**What the task requires:** Reproduce the full listing as it stands. Images do not belong in the copy.
-------- Exercise data
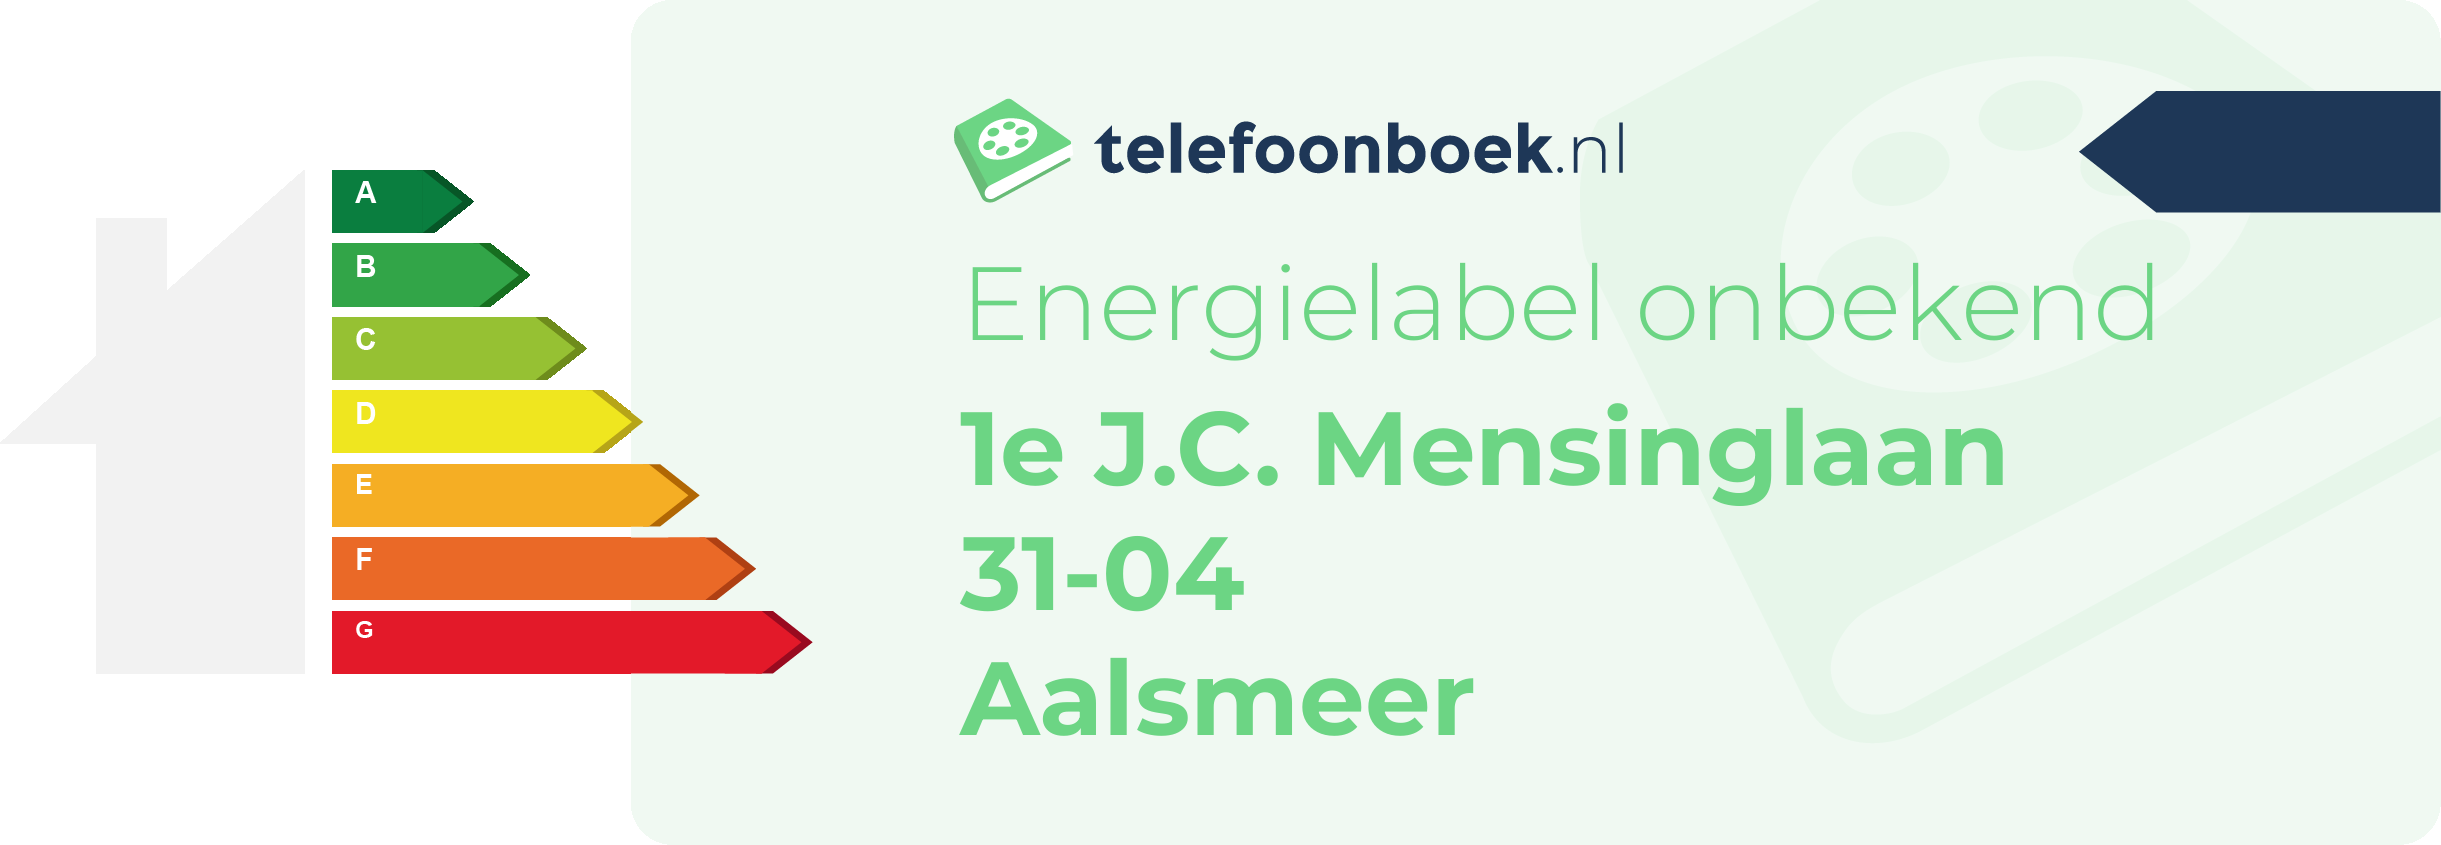 Energielabel 1e J.C. Mensinglaan 31-04 Aalsmeer
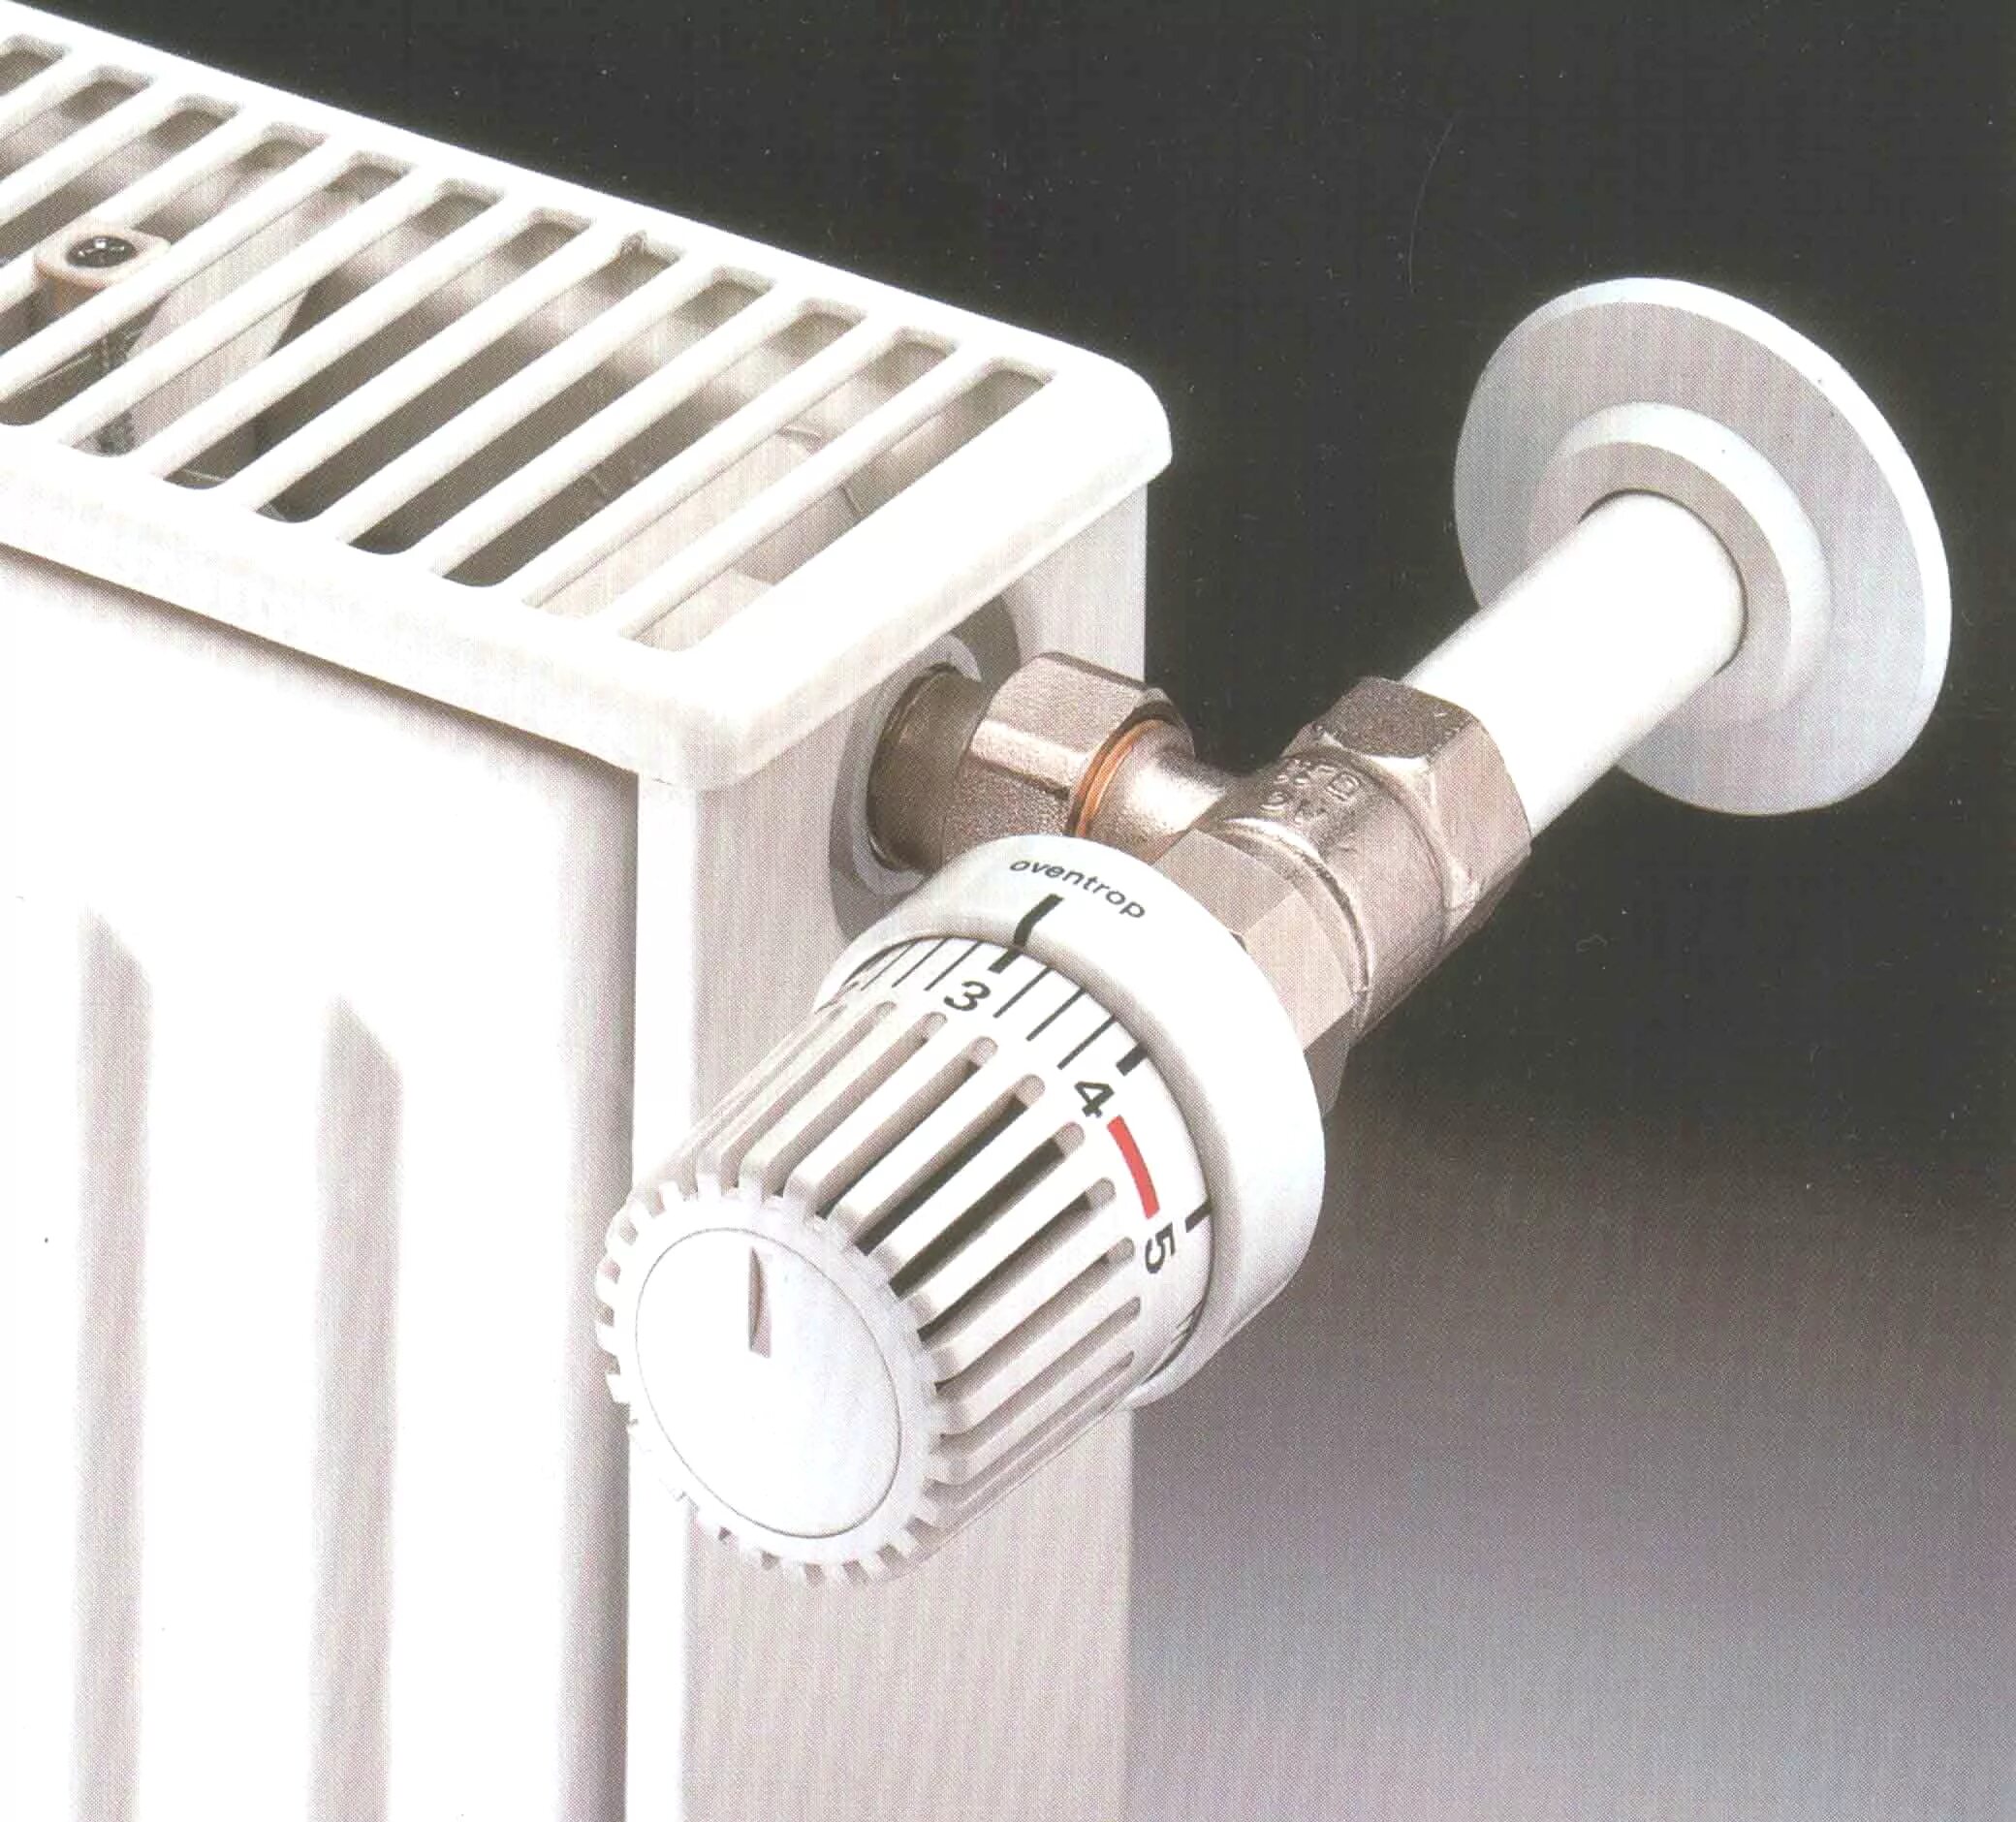 Регулятор тепла для батарей отопления Danfoss. Vrt регулятор радиатора отопления. Терморегулятор осевой для радиатора отопления. Терморегулятор радиаторный ∅20.
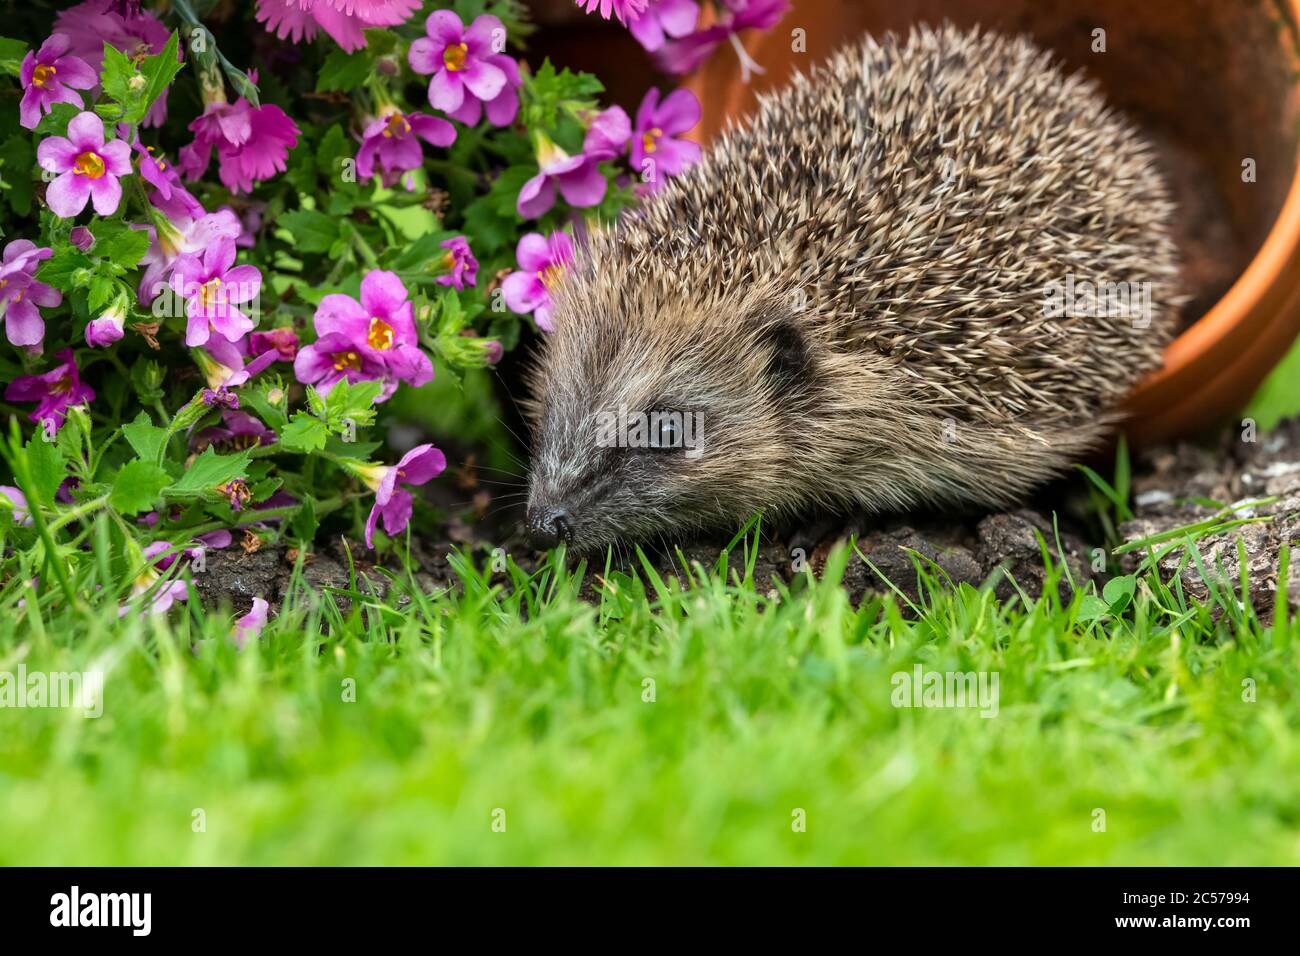 Hedgehog (Nombre científico: Erinace europaeus) Hedgehog juvenil, salvaje, europeo en verano, forrajeo en el jardín con flores de colores y maceta vegetal Foto de stock
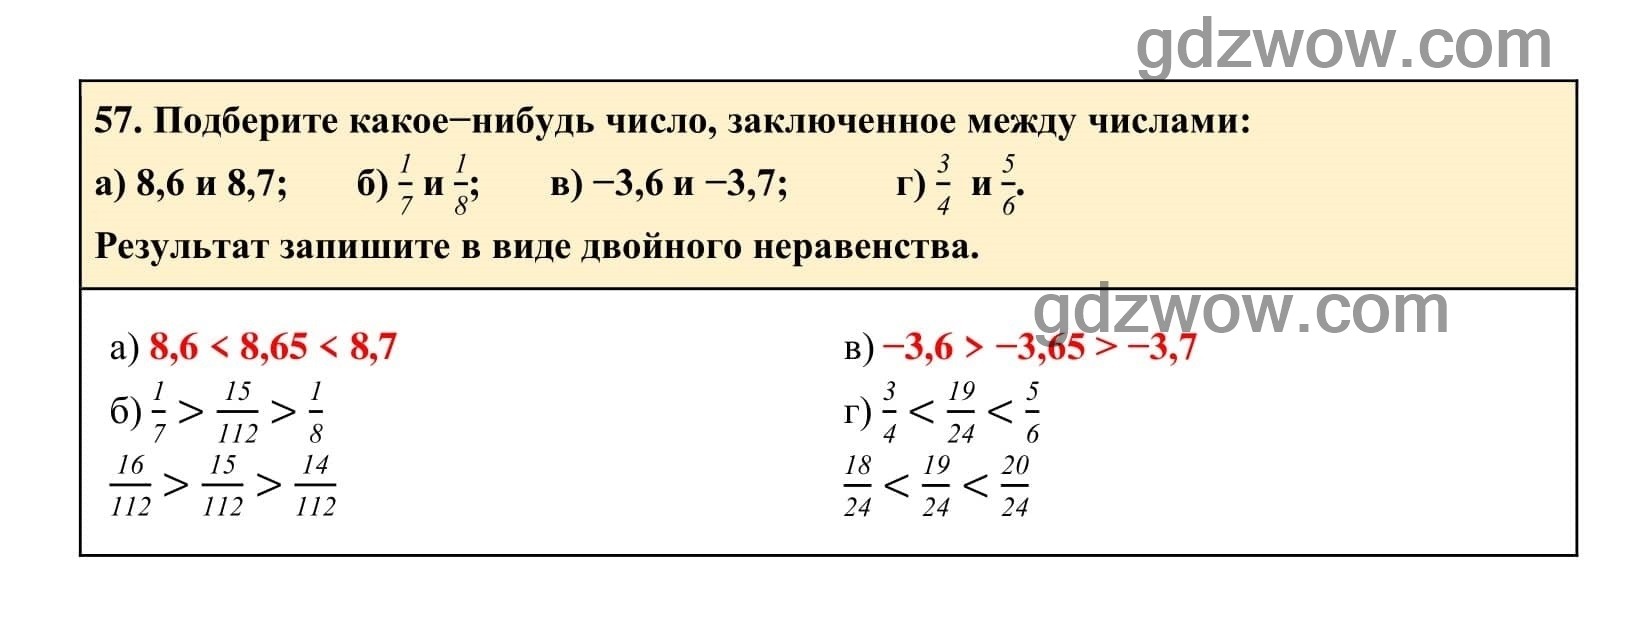 Упражнение 57 - ГДЗ по Алгебре 7 класс Учебник Макарычев (решебник) - GDZwow
----------------
**Written solution:**
 Energielabel 1e J.C. Mensinglaan 31-04 Aalsmeer
 Регулятор тепла для батарей отопления Danfoss. Vrt регулятор радиатора отопления. Терморегулятор осевой для радиатора отопления. Терморегулятор радиаторный ∅20.
 Hedgehog (Nombre científico: Erinace europaeus) Hedgehog juvenil, salvaje, europeo en verano, forrajeo en el jardín con flores de colores y maceta vegetal Foto de stock
 Упражнение 57 - ГДЗ по Алгебре 7 класс Учебник Макарычев (решебник) - GDZwow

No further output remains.